This blog is produced by Brendan Buck, a qualified and experienced town planner. Contact Brendan - firstname.lastname@example.org or 087-2615871 - if you need planning advice.
Monday, 2 July 2012
Second bid to rezone business park fails
A second attempt to change the city development plan to facilitate a development at a business park in Cork City has been shot down.
City councillors have voted unanimously against a planner’s recommendation to grant planning for a veterinary clinic in Melbourne Business Park in Bishopstown.
A previous application to change the use of the park’s Block B to a ‘local retail centre’ is currently under appeal to An Bord Pleanála.
It follows city councillors’ decision last November to vote against a material contravention of the development plan to facilitate that development.
It is understood Tesco Express had been lined up as the intended anchor for the larger unit of the proposed retail centre.
The project was aimed at serving the large CIT student catchment in the area and its extensive purpose-built student accommodation.
Then last March, Melbourne Management Company applied again for permission to change the use of the park’s unit six from business, enterprise and light-industry to develop a veterinary clinic.
It would have contravened materially the business and technology zoning objectives of the site.
In a report to councillors, planners said despite the park’s zoning, they considered that the principle of the proposed development was in keeping with the provisions of the city development plan, which indicates the need for a new local centre for the area.
However, councillors disagreed and said the Bishopstown local area plan states that any local retail centre for the area should be developed elsewhere.
And they pointed out that another veterinary clinic is located in another business park just across the road.

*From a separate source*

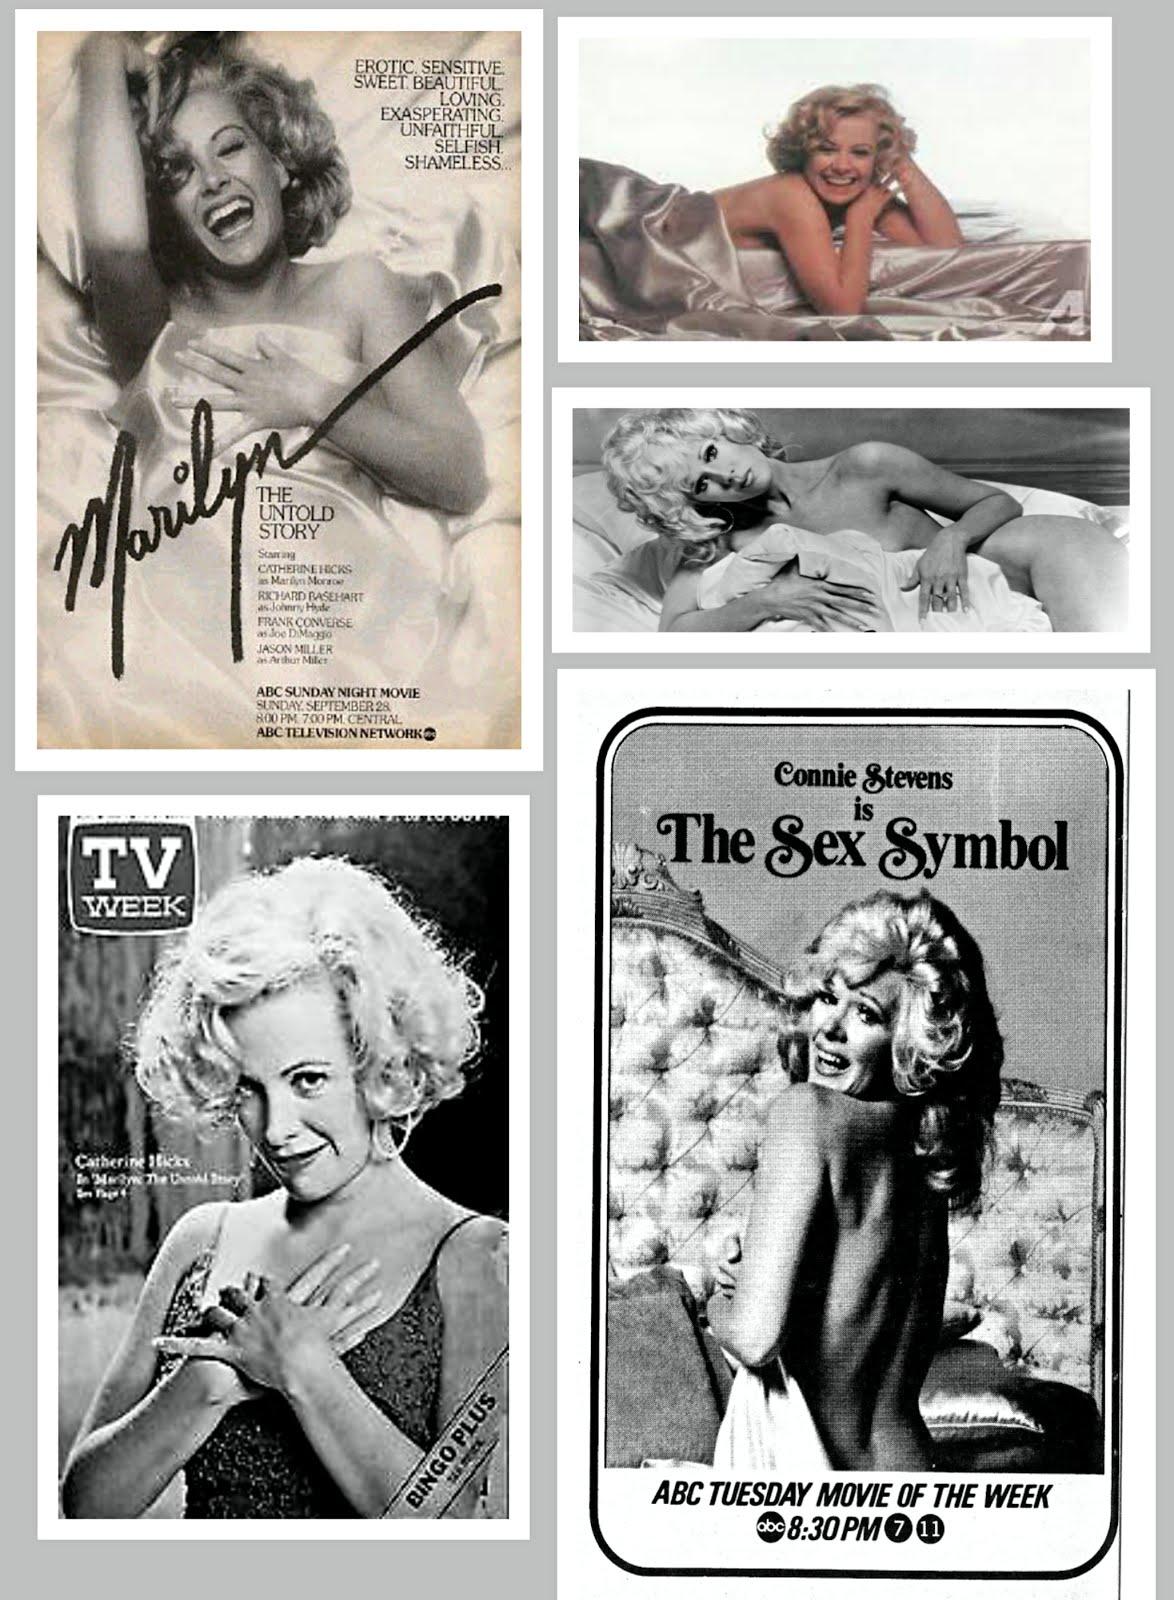 Connie Stevens, Catherine Hicks MARILYN MONROE, The Sex Symbol - 2 TV bio film DVDs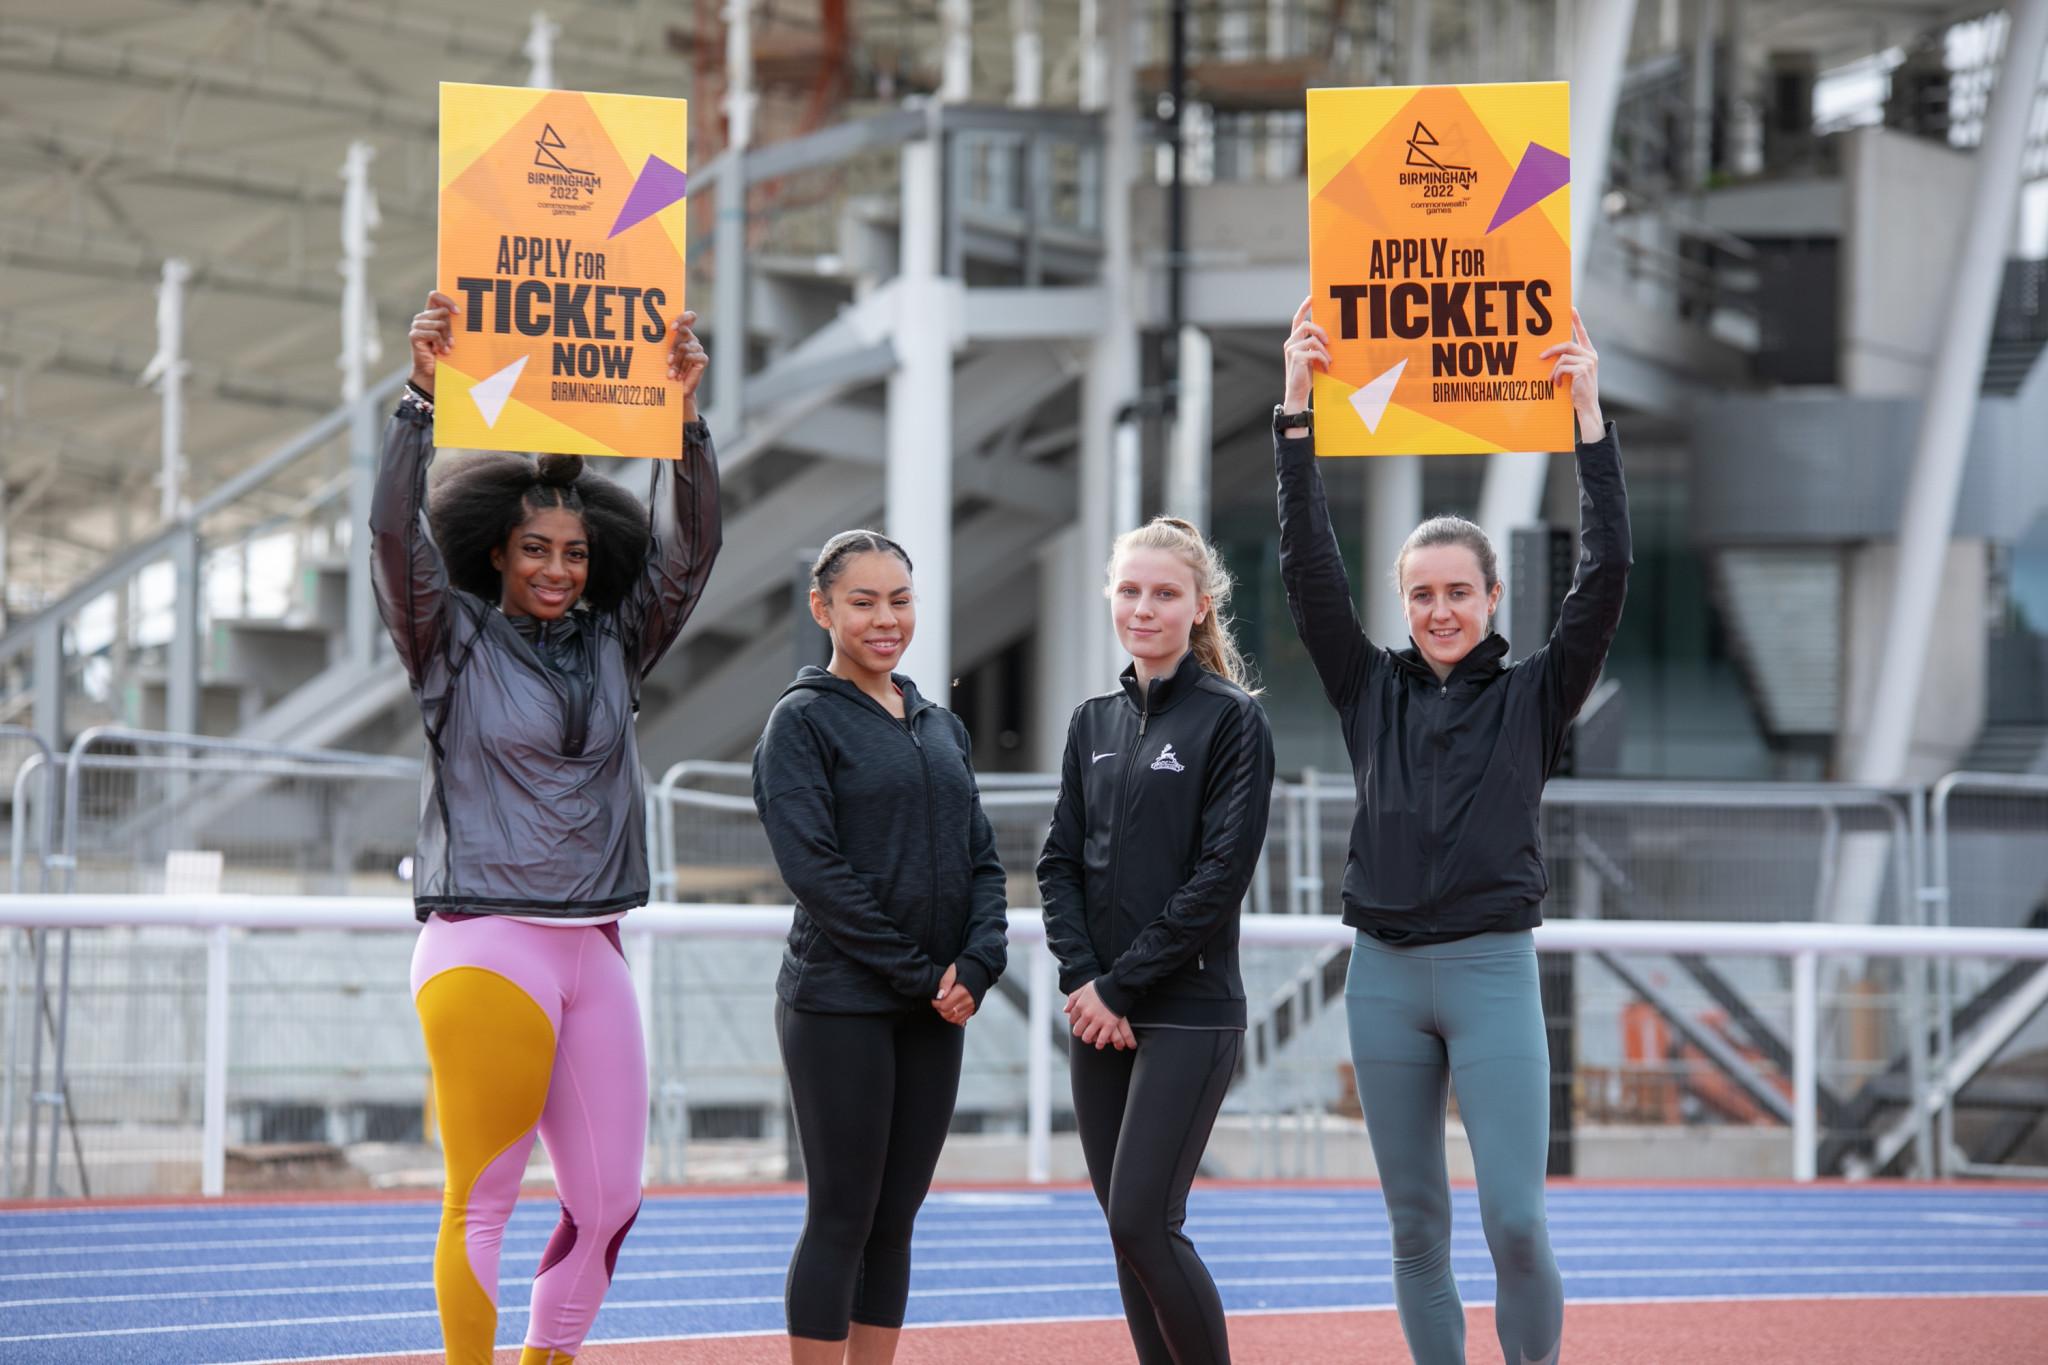 From left athletes Kadeena Cox, Sophia Deans, Amy Harland and Laura Muir at the Alexander Stadium ©Birmingham 2022

The council’s planning committee considered the planner’s report and recommended to the full council that it be rejected.
Then last week, all councillors voted unanimously in favour of the committee’s recommendation — effectively shooting the project down.
The business park was built as light industrial units in the late 1980s.
In 2004, permission was granted for a change of use of the park’s Block A, from light industrial use to light industry business, enterprise and retail services centre.
A three-year temporary permission was granted recently for fitness, health related uses.
The planner’s report said the business park, which has 18 units, has a vacancy rate of 50% — over twice the average vacancy rates in other business parks with business and technology zoning in the city.